Iran has an human immunodeficiency viruses (HIV) epidemic that is concentrated among people who inject drugs (PWID), who have higher risks of progression from latent tuberculosis infection (LTBI) to active disease. The aim of this study is to measure prevalence of LTBI, HIV infection and any risk behaviors among PWID in Iran.
The cross-sectional study was conducted from August to December 2013 in six cities across Iran. A total of 420 PWID were recruited from drop-in centres using convenience sampling. Trained interviewers collected data on socio-demographic characteristics, drug use history and drug-related risk behaviors across the study sites. A tuberculin skin test (TST) was performed, and HIV infection was assessed by a rapid test. Multivariable modified Poisson regression and logistic regression were used for data analysis.
Prevalence of positive TST and HIV positivity was 35.7% and 8.6%, respectively. The prevalence of LTBI and HIV was significantly different across the cities of this study.
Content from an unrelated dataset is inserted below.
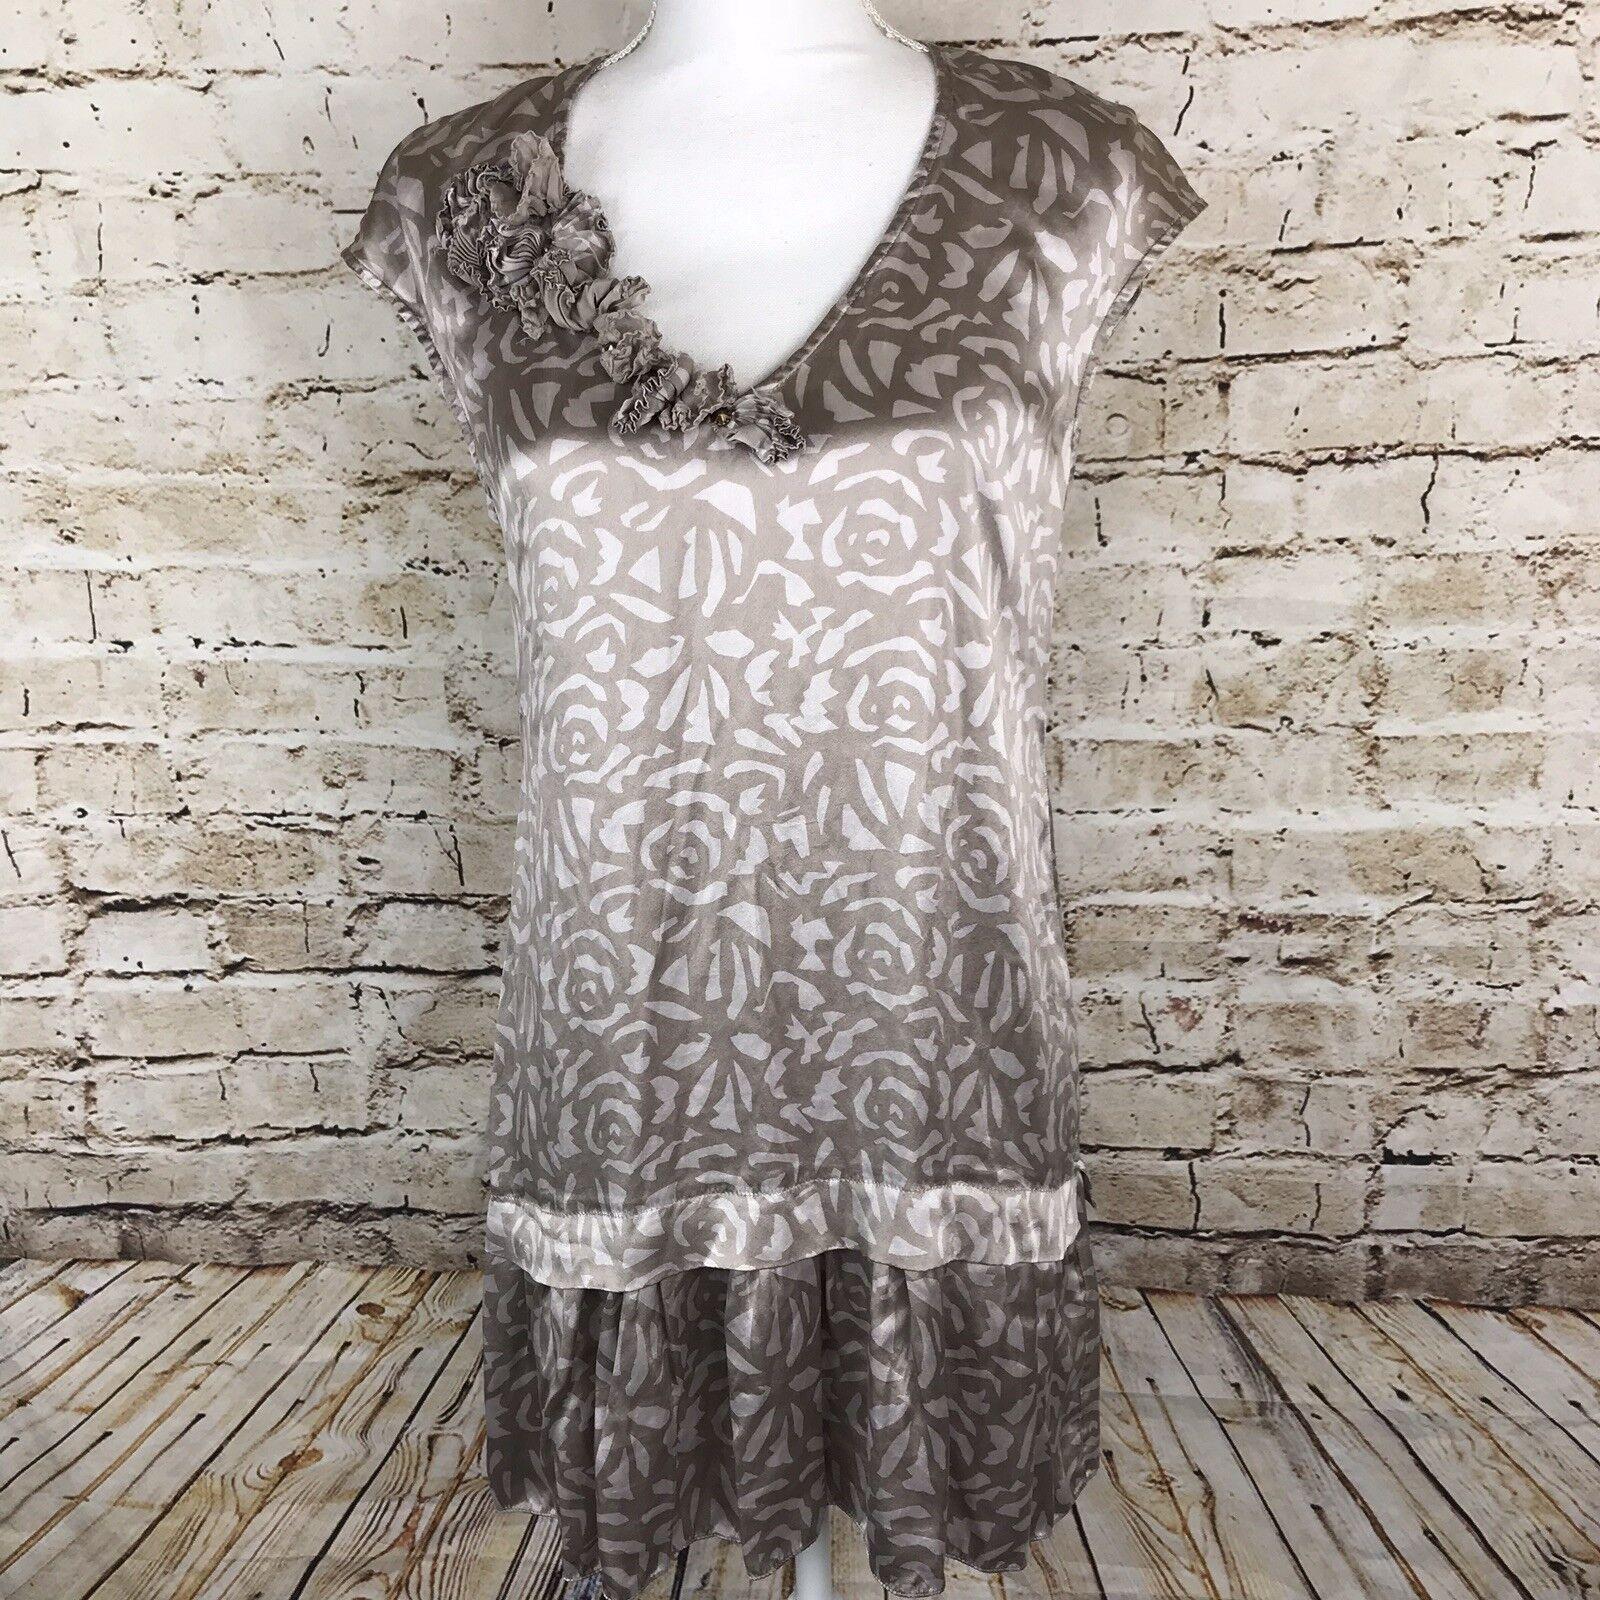 Rebecca Taylor 100% Silk damen Dress US Größe 6 braun Rosa Floral Print Ruffle

Positive TST was independently associated with older age (APR 1.03, 95% CI 1.01, 1.05) and being HIV positive (APR 1.89, 95% CI 1.45, 2.47). HIV infection was associated with lifetime history of sharing syringes (AOR 3.28, 95% CI 1.44, 10.71) and lifetime number of imprisonment (AOR 1.09, 95% CI 1.03-1.14).
Discussion and conclusions
Prevalence of LTBI infections among PWID is high and independently associated with HIV infection. Given that there are currently no TB services available within drop-in centres, programs which integrate TB case finding, TB preventive therapy, referral and care services for PWID are urgently needed.